You can treat this is like a mixing problem where pure water (not containing the dye) is pumped into a tank that hold 60,000 gal of water. The rates at which the amount of dye is flowing in and out of the pool are, respectively,
[tex]{q_{\rm in}}'=0[/tex]
[tex]{q_{\rm out}}'=\left(\dfrac q{60,000}\dfrac{\rm kg}{\rm gal}\right)\left(200\dfrac{\rm gal}{\rm min}\right)=\dfrac q{300}\dfrac{\rm kg}{\rm min}[/tex]
Then the net rate at which the amount of dye in the pool changes is [tex]q(t)[/tex] such that
[tex]q'=-\dfrac q{300}[/tex]
Initially, the pool contains [tex]q(0)=6\,\mathrm{kg}[/tex] of dye.
The ODE is separable as
[tex]\dfrac{\mathrm dq}q=-\dfrac{\mathrm dt}{300}[/tex]
[tex]\implies\ln|q|=-\dfrac t{300}+C[/tex]

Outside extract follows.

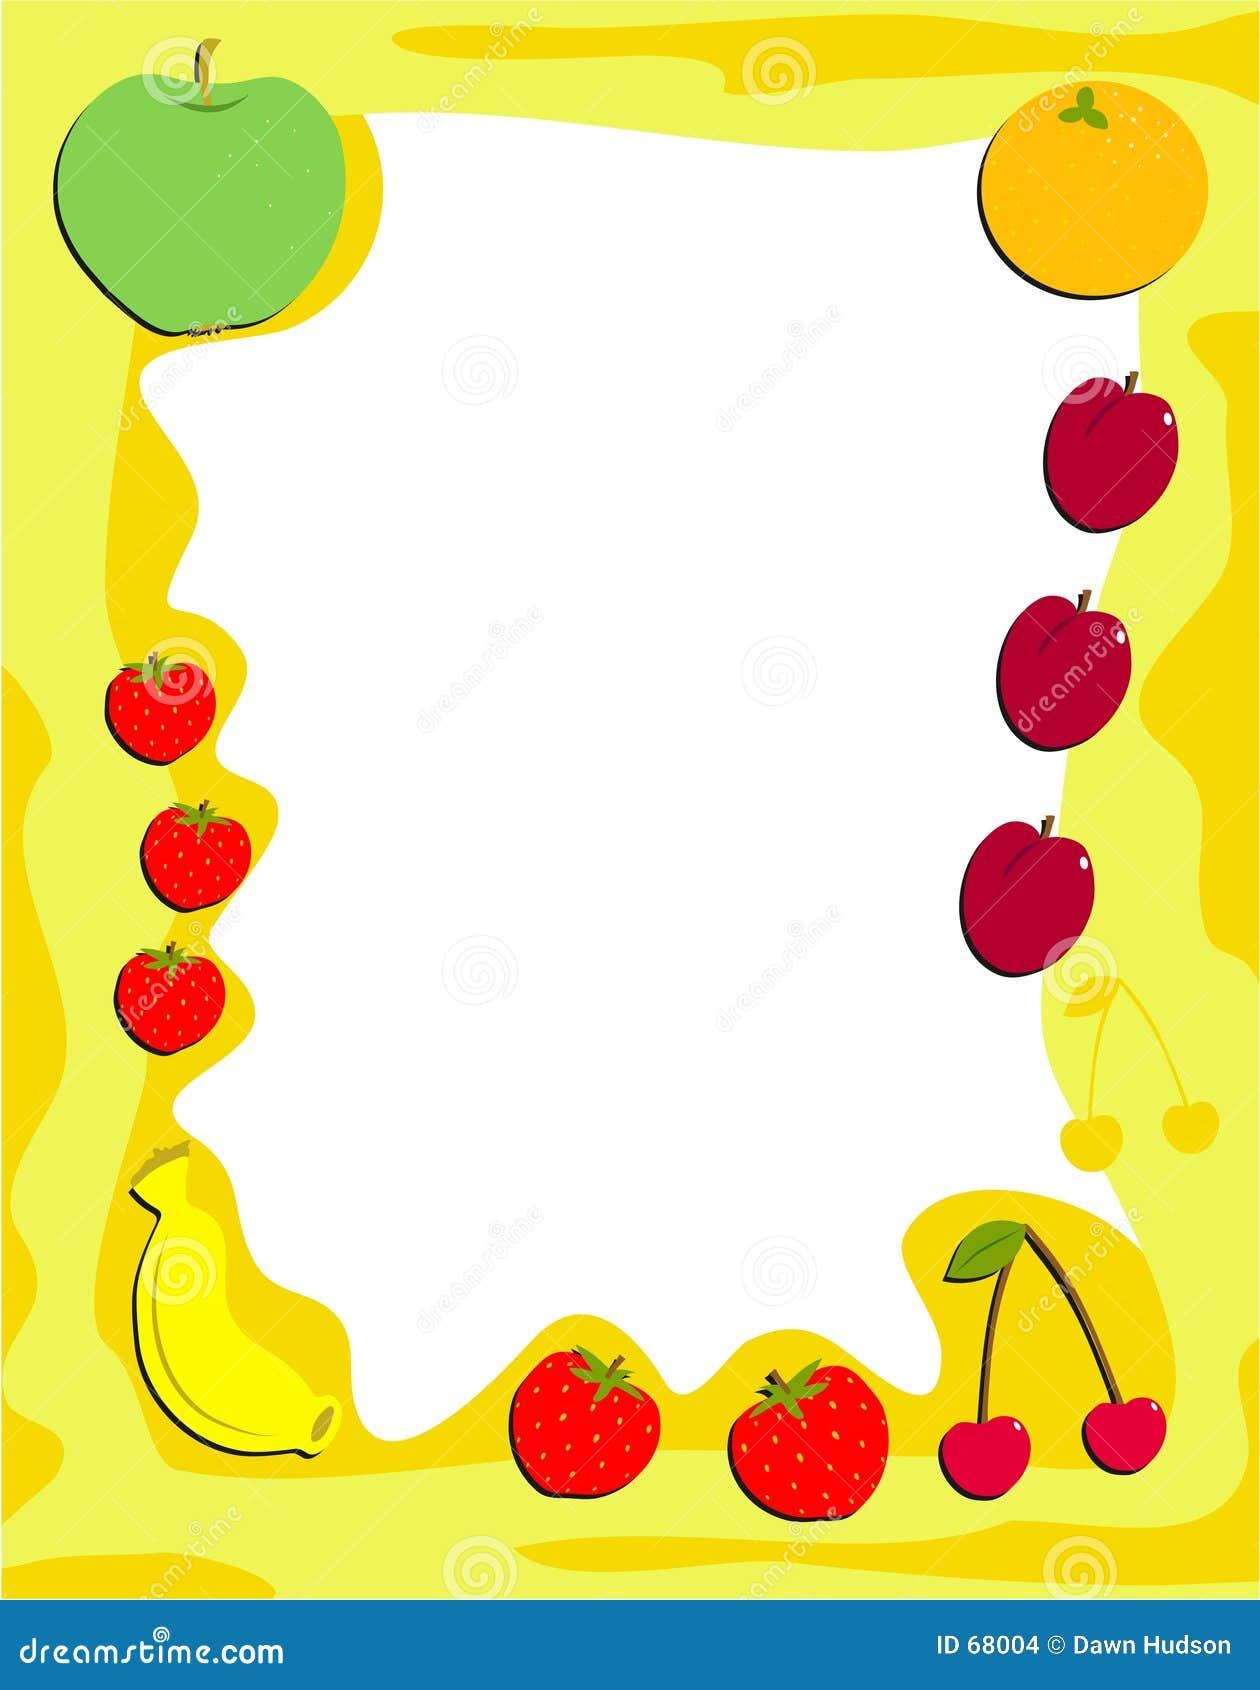 Fruit Frame Stock Images - Image: 68004

[tex]\implies q=e^{C-t/300}[/tex]
[tex]\implies q(t)=Ce^{-t/300}[/tex]
Given that [tex]q(0)=6[/tex], you get [tex]C=6[/tex], so the amount of dye in the pool at any time [tex]t[/tex] is governed by
[tex]\boxed{q(t)=6e^{-t/300}}[/tex]